That is curious because England did not allow slavery and in 1706 ruled that once a  slave stepped foot on English soil or aboard a English ship, they became a free man.


----------



## Ravi (Jul 9, 2014)

The "man of his time" excuse is bullshit.

He knew slavery was wrong as did many "men of his time."

And yet he owned them, bought and sold them, mortgaged them and only released the ones that were his relatives.


----------



## Picaro (Jul 9, 2014)

Ravi said:


> The "man of his time" excuse is bull****.
> 
> He knew slavery was wrong as did many "men of his time."
> 
> And yet he owned them, bought and sold them, mortgaged them and only released the ones that were his relatives.

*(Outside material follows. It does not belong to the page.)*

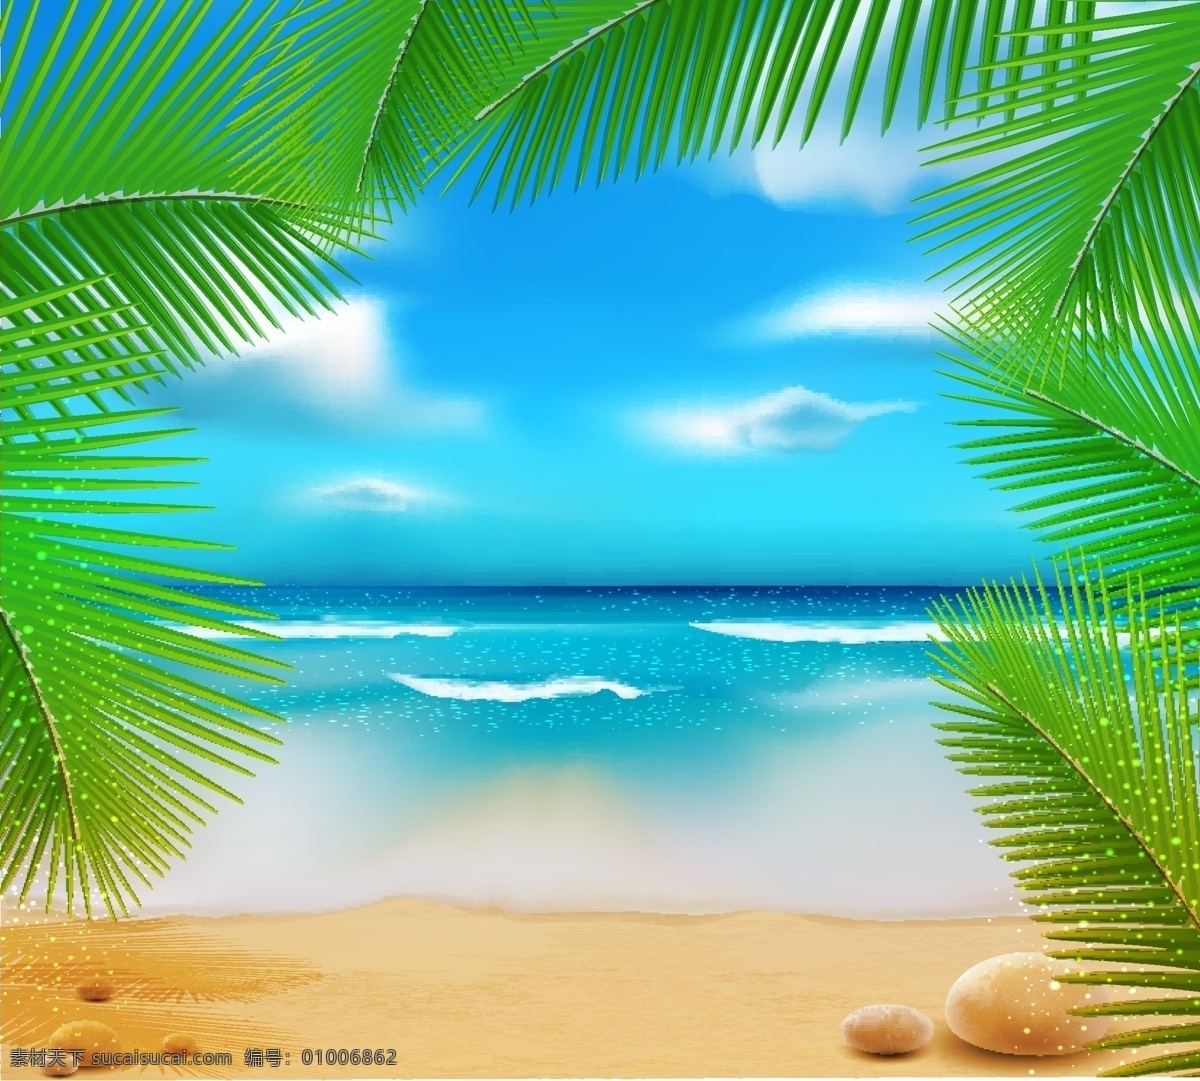 矢量 热带 风光 背景 沙滩 大海 浪花 石头 树叶 天空 白云 自然风光 卡通背景 空间环境 矢量素材 青色 天蓝色

Yes. The 'presentism' argument fails for a number of reasons, not least because several other states had already emancipated slaves, and he had plenty of evidence at hand to rebut his paternalism argument against freeing slaves from Pennsylvania, right next door to Virginia, as a prime example of his theories being nonsense. In his *Notes* his 'many contradictions' are merely dissembling and attempts at amelioration, a common tactic among slaveholders to justify keeping slaves. His 'contradictions and paradoxes' aren't mysterious at all when one just accepts the fact that he said whatever suited the political expediency of the time. He was very much a liar.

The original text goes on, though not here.